Analysis  |  By Revenue Cycle Advisor  
   September 09, 2020

Notably, the reductions were not budget-neutral, meaning the savings were not redistributed within the OPPS.

A version of this article was first published September 9, 2020, by HCPro's Revenue Cycle Advisor, a sibling publication to HealthLeaders.

The American Hospital Association (AHA) asked the U.S. Court of Appeals for the District of Columbia to rehear a July 17 decision in favor of CMS’ site-neutral payment policy, the AHA announced September 1.

The July decision was reached by a three-judge panel and in its petition the AHA is requesting that the entire court rule on the case.

In July, a three-judge panel determined that CMS has the authority the implement a controversial policy finalized in the 2019 Outpatient Prospective Payment System (OPPS) final rule. Under Section 603 of the Bipartisan Budget Act of 2015, CMS was required to implement a site-neutral payment policy that reduced reimbursement to most off-campus provider-based departments (PBD).

Reimbursement reductions to most off-campus PBDs were rolled out in the 2018 Outpatient Prospective Payment System (OPPS) final rule. Certain off-campus PBDs were grandfathered in under Section 603 and exempt from the reimbursement reductions.

In the 2019 OPPS, CMS finalized a policy that applied a 50% total reduction in payment to grandfathered off-campus PBDs as if these sites were paid the Medicare Physician Fee Schedule (MPFS) rate for services described by HCPCS code G0463 (hospital outpatient clinic visit for assessment and management of a patient).

This effectively paid providers 70% of the OPPS rate for 2019. For 2020 and subsequent years, CMS will reimburse the grandfathered off-campus PBDs at the MPFS rate, which would equal 40% of the Outpatient Prospective Payment System (OPPS) rate.
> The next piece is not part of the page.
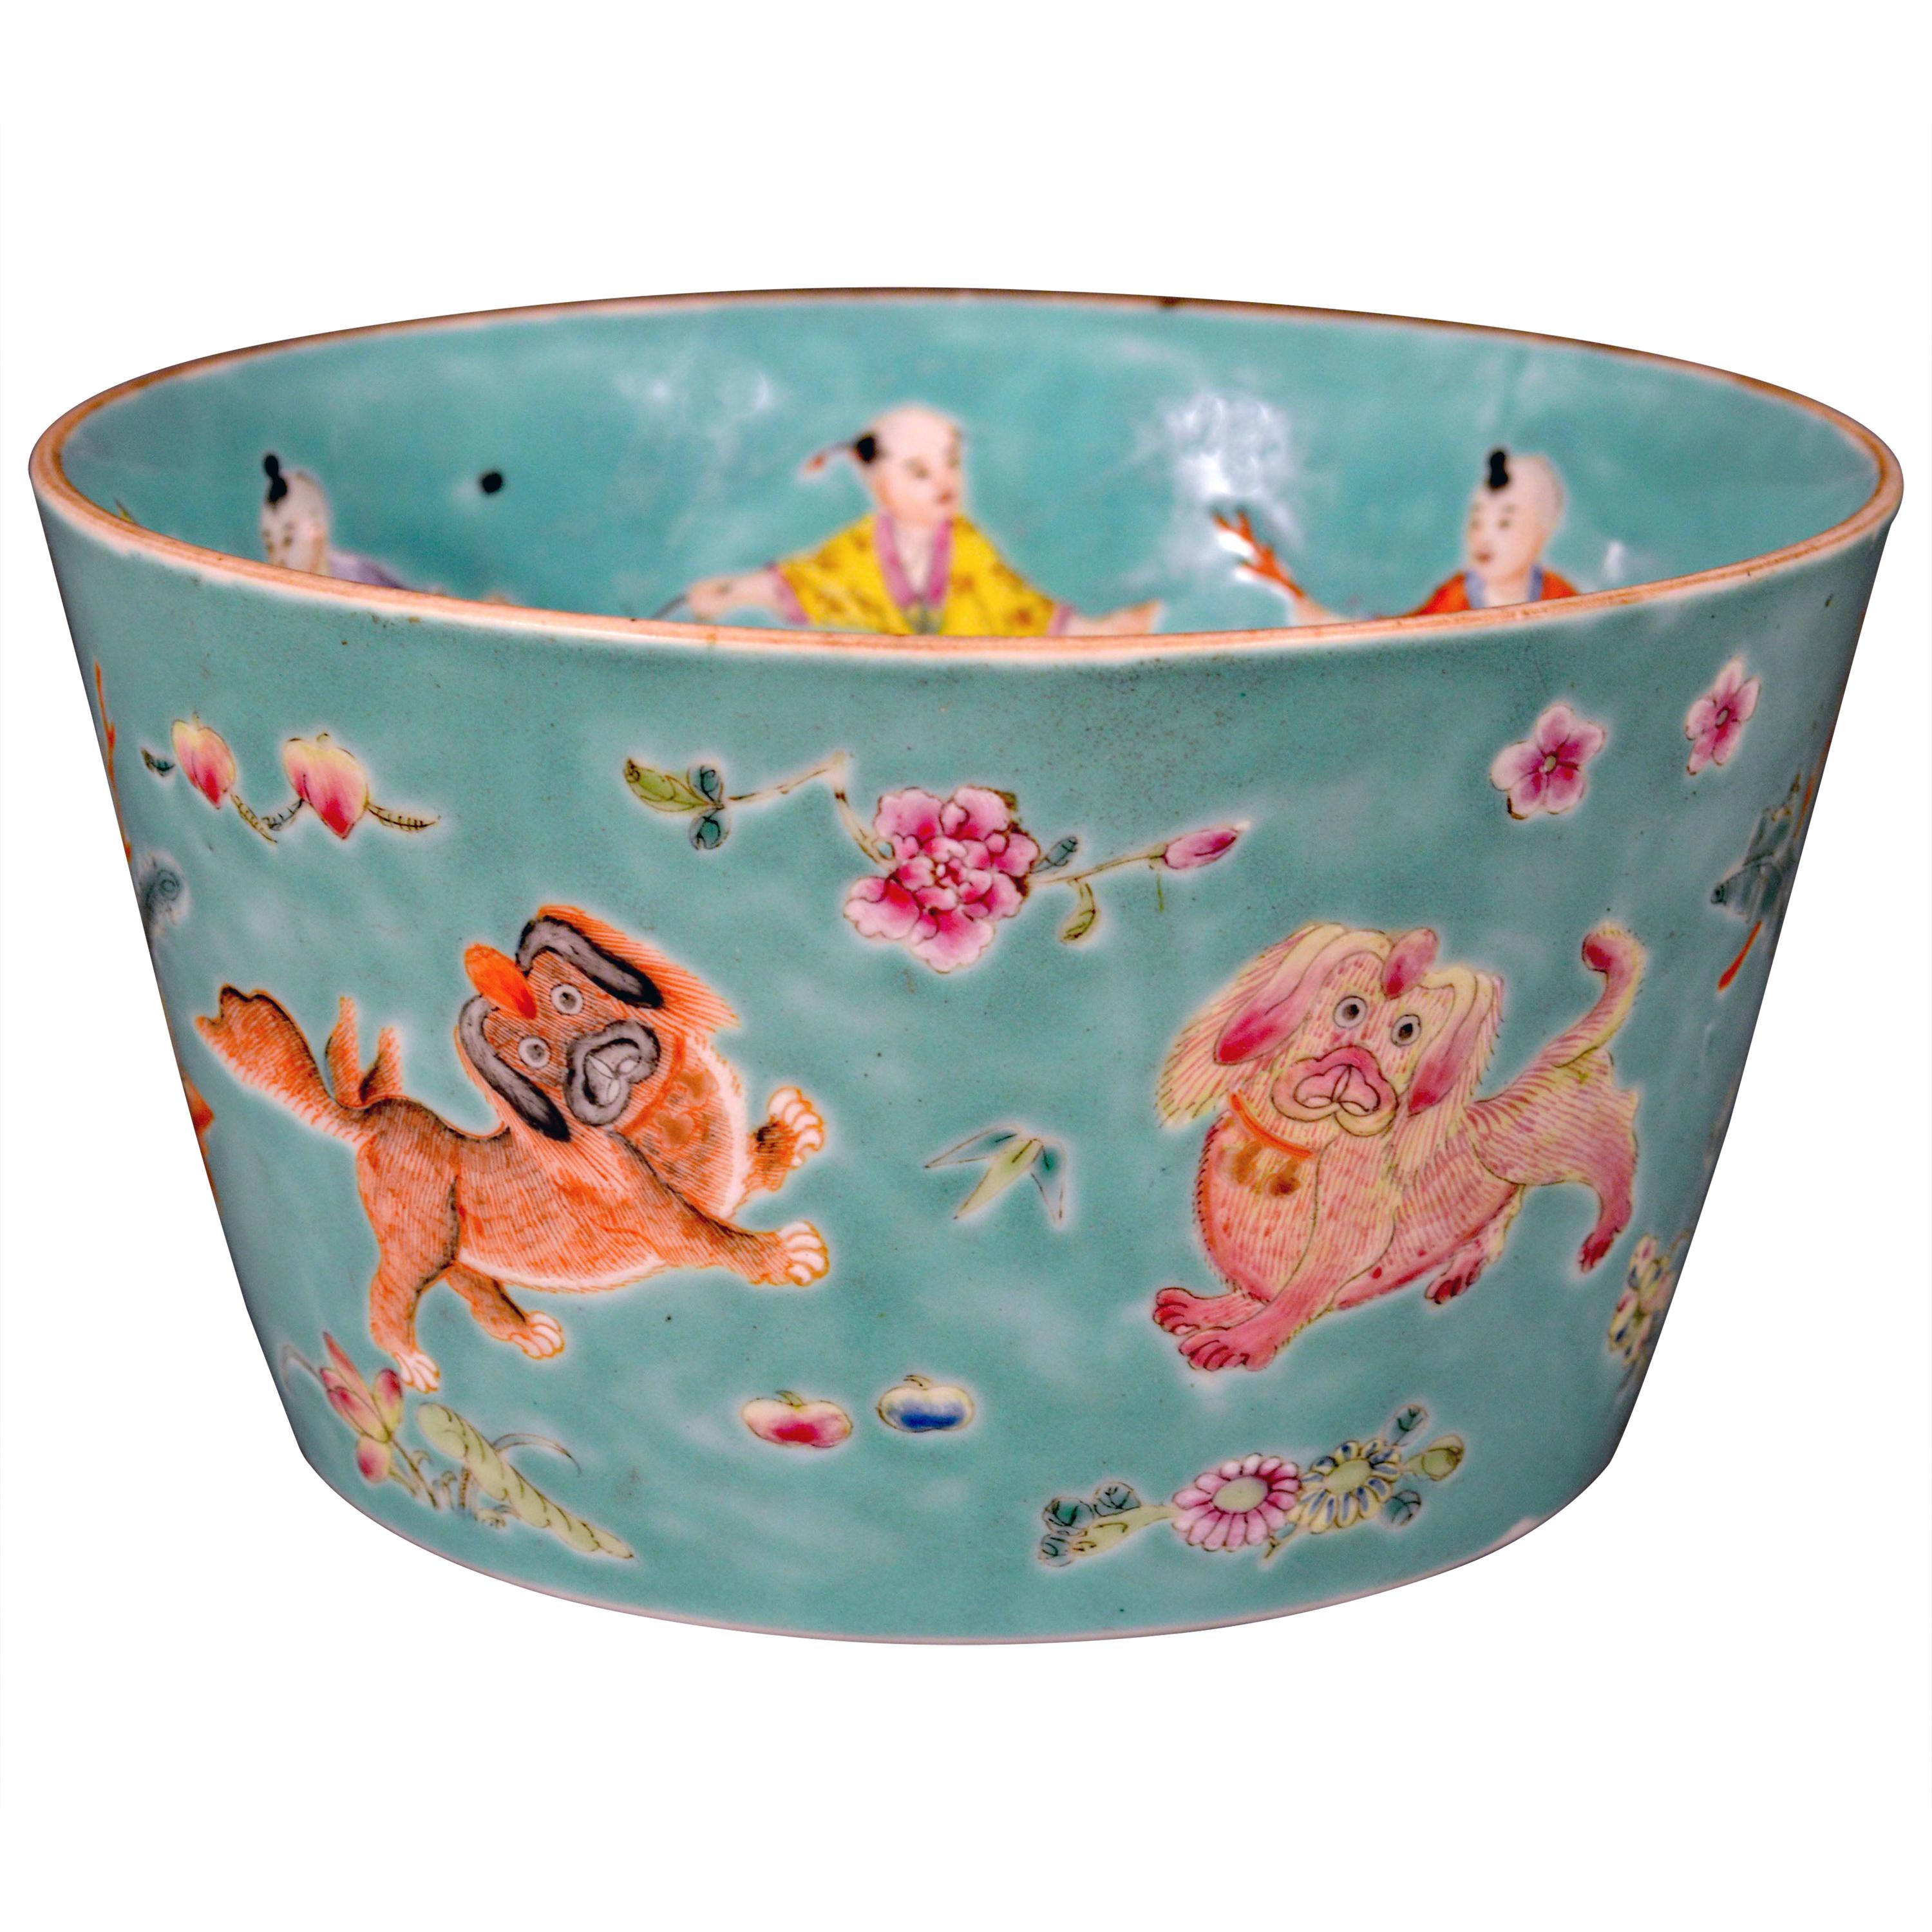 Chinese Porcelain Turquoise Jardinière of Bowl with Chinese Boys & Pekingese Dog

Notably, the reductions were not budget-neutral, meaning the savings were not redistributed within the OPPS.

In its petition for a rehearing, the AHA argues that although the panel relied on legal theory in Chevron U.S.A. Inc. v. Natural Resources Defense Council Inc. (1984), the panel failed to address questions raised by Chevron. The AHA also contends that Chevron does not apply to this case.